Я прочел Андре Жида по-французски. Это было непросто, ибо Жид был запрещен, во-первых, а во-вторых, французского в моей школе не было. Но если очень надо, так и язык выучишь.

А вообще я читаю и слушаю, что во мне происходит. Когда-то Бежин обо мне писал, как о критике, что я пускаю себя как простодушного читателя, как собачку на веревочке, следом иду как хозяин этой собачки и слушаю, что происходит с собачкой. То есть внутри меня живет простодушнейший читатель. Простодушнейший.

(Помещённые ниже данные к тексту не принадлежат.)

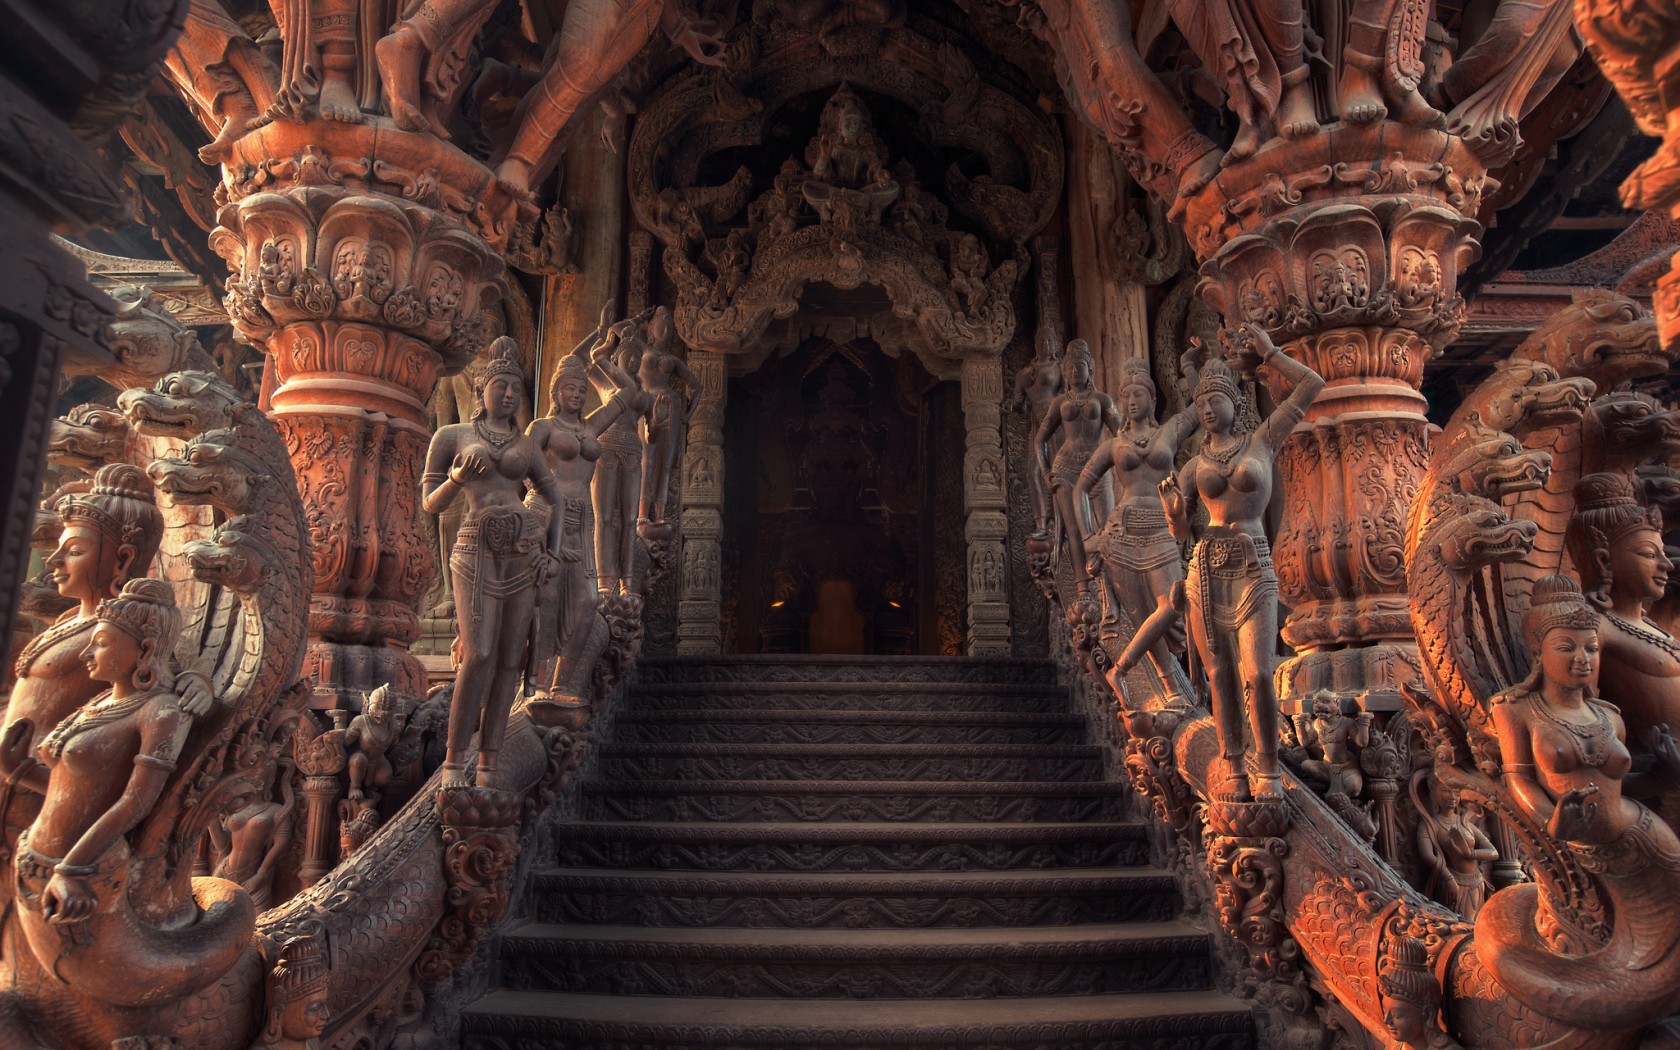 architecture, Interiors, Staircase, HDR, India, Religions, Sculpture, Women, Dragon, Door Wallpaper

Это двойное самонаблюдение у меня в природе. Читаю текст и соображаю: мне скучно. Ага! То ли текст не тот, то ли я не дорос. Начинается анализ ситуации: почему данный текст мне в данной ситуации скучен? Или безумно интересен? Анализирую: что захватывает? Иногда сюжет. Иногда сюжет дико раздражает. Если я понимаю, что меня сюжетом развлекают, я его бросаю немедленно. Когда я понимаю, что меняется мое простодушное «Я» — это самый замечательный случай. Плохо написанный текст может быть таким же выразительным, как и хорошо написанный текст. Тот же Николай Островский в своем плохо написанном тексте выразил больше, чем многие блестящие литераторы, писавшие параллельно с ним хорошие тексты. Потому что Николай Островский открыл новую реальность.

Достоевского когда-то упрекали, что «Преступление и наказание» — это желтый полицейский роман с плохо написанным текстом. Оказалось, что Тургенев, который писал фразы лучше, чем Достоевский и Толстой, не открыл того, что открыли они.

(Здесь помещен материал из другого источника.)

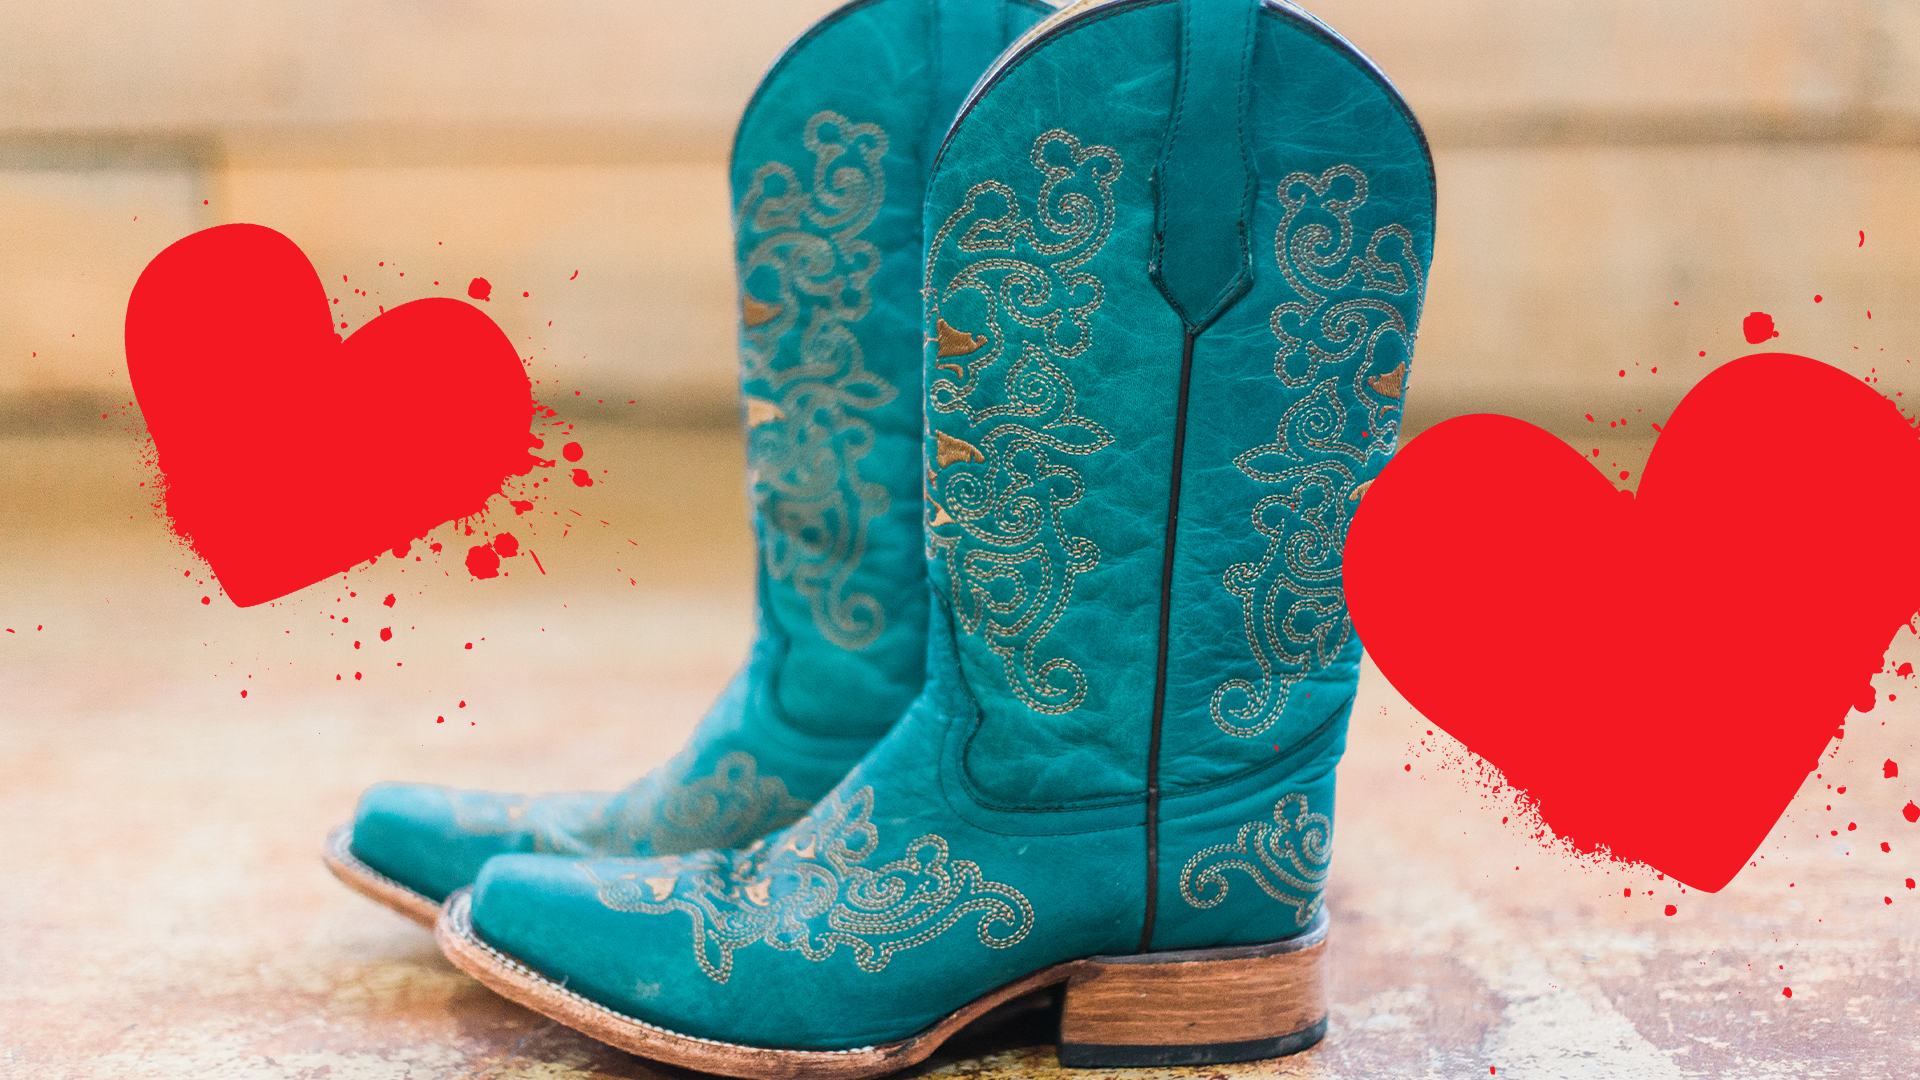 Cowboy boots and love hearts

— Вечный вопрос, Лев Александрович, личность писателя и его творчество. Как они соотносятся?

— Возьмем, к примеру, Евтушенко, которого я не так давно всего перечитал. Вы берете его текст и видите дикое количество стихов, которые склепаны наскоро, чтобы поучаствовать в каком-то политическом спектакле. Очень много рационально рассчитанного. И очень много иррационально просчитанного — он все-таки опытный человек. Это такой ворох хорошего и плохого, это такая смесь притворства, искренности, кокетства... Я начинаю из стихов (и плохих и хороших) строить модель. Соображать, что за судьба их породила.

Я отлично знаю, что это был за мальчик со станции Зима. И что это был потом за коммивояжер молодой злости. И что это потом стал за мэтр либеральный. И что это сейчас за полуэмигрант и непонятно что. Я это уже знаю, а если бы я этого и не знал, я бы из стихов это понял.

Я понимаю, что эта личность, этот мальчик со станции Зима — порождение невероятных смесей: немецкая, прошедшая через Латвию, кровь, — с одной стороны, украинская — с другой. Потом в Сибири все перемешалось — два деда в ссылке. Все настолько точно моделирует историю советского периода, что возникает это существо — мальчик со станции Зима. Молодое, ломкое, быстрое. И идет этот мальчик и поет: «Граждане, послушайте меня...»

В 1949 году Евтушенко напечатал свои первые стихи. Представьте. Все ощетинены ненавистью, только что была война, ищут классовых врагов. Всякая попытка говорить с людьми по-доброму — это вызов. Нарушение табу. Разоружение перед противником. Заискивание перед классовым врагом. Ощетинились пулеметы с обеих сторон, вот-вот продолжится мировая война, а тут идет этот юродивый, этот мальчик с шарманочкой: «Граждане, послушайте меня...» И всех любит, и со всеми заговаривает.

То он про Сталина пишет, то про советский спорт, то про свадьбы в дни военные... «Мне страшно, мне не пляшется, но не плясать нельзя...»
Невольник. И это тот же самый юродивый, который боится каждую минуту если не выстрела, то оплеухи. И этих оплеух Евтушенко дождался... Эти стихи для меня — строительный материал его судьбы, и уже не судьбы индивида. Это душа. Любвиобильная, добрая, сотканная в противовес всему.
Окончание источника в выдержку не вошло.